On The Classic Game Club this week, we have cast our attention back fifteen years - to Tyrone's three-point win over Kerry in the 2005 All-Ireland senior football final.
Eoin, Ger, and Tommy watched back the match in its entirety and then spent over an hour digesting and analysing it on OTB AM - which was quite a hard undertaking for a Kingdom man like Eoin.
THE Peter Canavan goal:
Ger says one particular moment of magic just before the interval stands out for him from this game...
"My abiding memory is... a behind-the-goals camera angle of the Canavan goal, and I legitimately thought it was one of the best things I had ever seen in sport.

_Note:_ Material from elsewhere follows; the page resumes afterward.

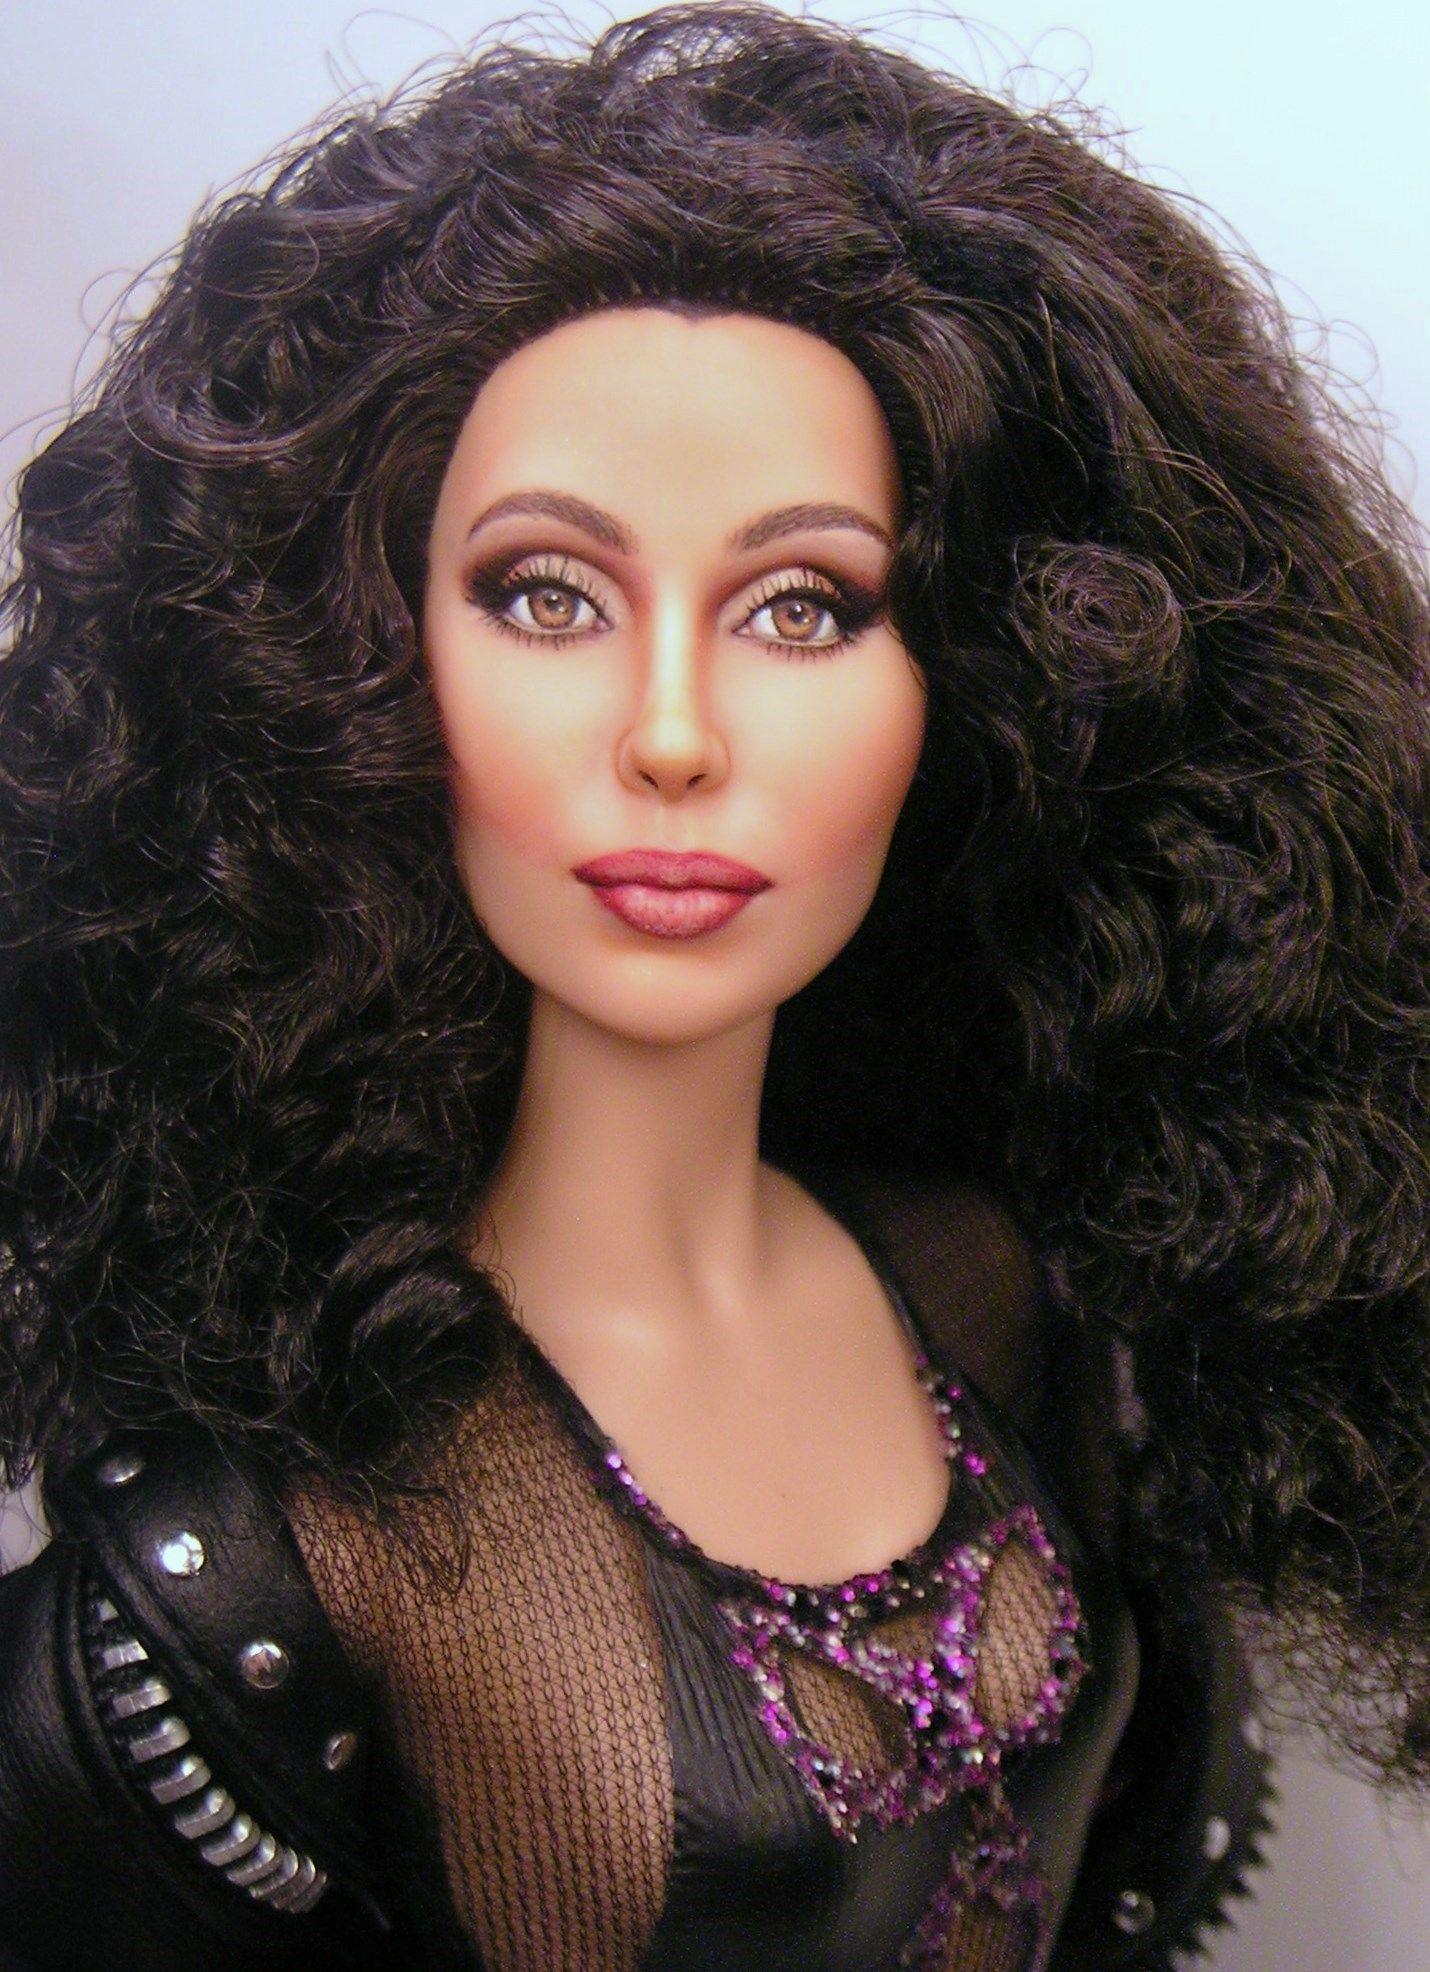 Celebrity Dolls By Noel Cruz (45 Photos) - FunCage

"It's like a ballet where [Philip] Jordan's long ball comes in and the brilliant fetch [from Owen Mulligan], and you can see from behind the goal the brilliant arc of a run that Canavan makes.
"You can also see there's a little curl in the bounce that takes the ball away from Diarmuid Murphy and the ball finds the one spot in the goal where the giant hulking frame of Murphy won't reach it.
"There's no blasting - all of his career comes down to this single moment just before half-time in an All-Ireland final against Kerry, to define their greatness... he's injured, and there's nothing in his mind other than there's one spot where this is going. I've never seen anything as beautiful as this."
Kerry heartbreak:
For Eoin, watching this game back was not an easy undertaking...
"Everything fell to pieces in that moment. Peter Canavan's goal was so unbelievably significant in the journey of this All-Ireland final. It was before half-time, but people knew we were in severe trouble.
"It's a hard thing to sum up... watching it back you get a greater appreciation of how deserving Tyrone were of the All-Ireland on this occasion, but at the same time there's the same feeling when you're watching Episode Three of Star Wars, when you're watching Anakin become Darth Vader.
"You're like 'I know what is going to happen here, but it is still heartbreaking to see the darkest endgame happening.' It's just a terrible, terrible viewing experience.
"You also have to take your cap off and credit Tyrone for how unbelievably brilliant they were in this All-Ireland final. The most complete All-Ireland performance by a team."
'Brittle' Kerry:
Tommy had a theory on perhaps why Kerry found it so psychologically tough to beat this Tyrone team in the noughties.
"I think one thing is very, very, very clear from the outset. Kerry's psyche was so brittle when it came to Tyrone.
"You're talking about a goal before half-time, you're talking about a man who was injured. Peter Canavan, no matter how many people call him god, is not god, yet Kerry were beaten in this game.
"They were unbelievably good in the first ten minutes, Kerry were off the charts good, Canavan gets re-introduced and Ó'Sé scores the goal, and the game should have been Kerry's.
"When Kerry came up againt Tyrone they were brittle."
Pat Spillane's 'puke football' rant two years earlier:
Eoin thinks a certain bit of punditry two years before the 2005 decider could well have contributed to the rise of the Red Hand.
"My theory is that the worst thing that has ever happened to Kerry football, maybe not the worst but certainly a very bad thing, was Pat Spillane and his 'puke football' rant in 2003.
"What that gave was, if you were an impressionable Kerry football fan, sitting down in 2003 watching that All-Ireland semi-final, you would come away from Pat Spillane's comments thinking 'right, I can't believe the bad guys have won.'
"However, if Pat Spillane had been filled with a bit more nuance, and said there are certain levels of what Tyrone are doing which perhaps aren't in the best of taste, but as a pundit I'm also going to point out the amazing things that Tyrone are doing.
"Their swarm defence - absolutely sensational. Their possession football - absolutely revolutionary. The running, fitness - on a completely different level."
Love of Seamus Moynihan:
Tommy asked Eoin about his Kingdom heroes growing up, with Colm 'Gooch' Cooper and Seamus Moynihan the names that came to mind.
"For me, it was always about Seamus Moynihan. His unbelievable ability to read [a game], like he could see the future in my eyes. He knew what was going to happen.
"Don't worry, you're 20 points down at half-time, Seamus Moynihan will know where that ball is going to fall at every single second of that second-half, and it's going to be okay. He's Mr Steady, he will turn things around for you.
"When you're sitting there in the Nally Terrace in '05 after the start that Kerry made, after 10 or 12 minutes you're like 'okay, Moynihan's on song, Gooch is on song, this is going to be a very good day.'
That's testament to what Tyrone managed to do in the second and third quarters, which is just forty minutes of the best football you're ever likely to see in an All-Ireland final."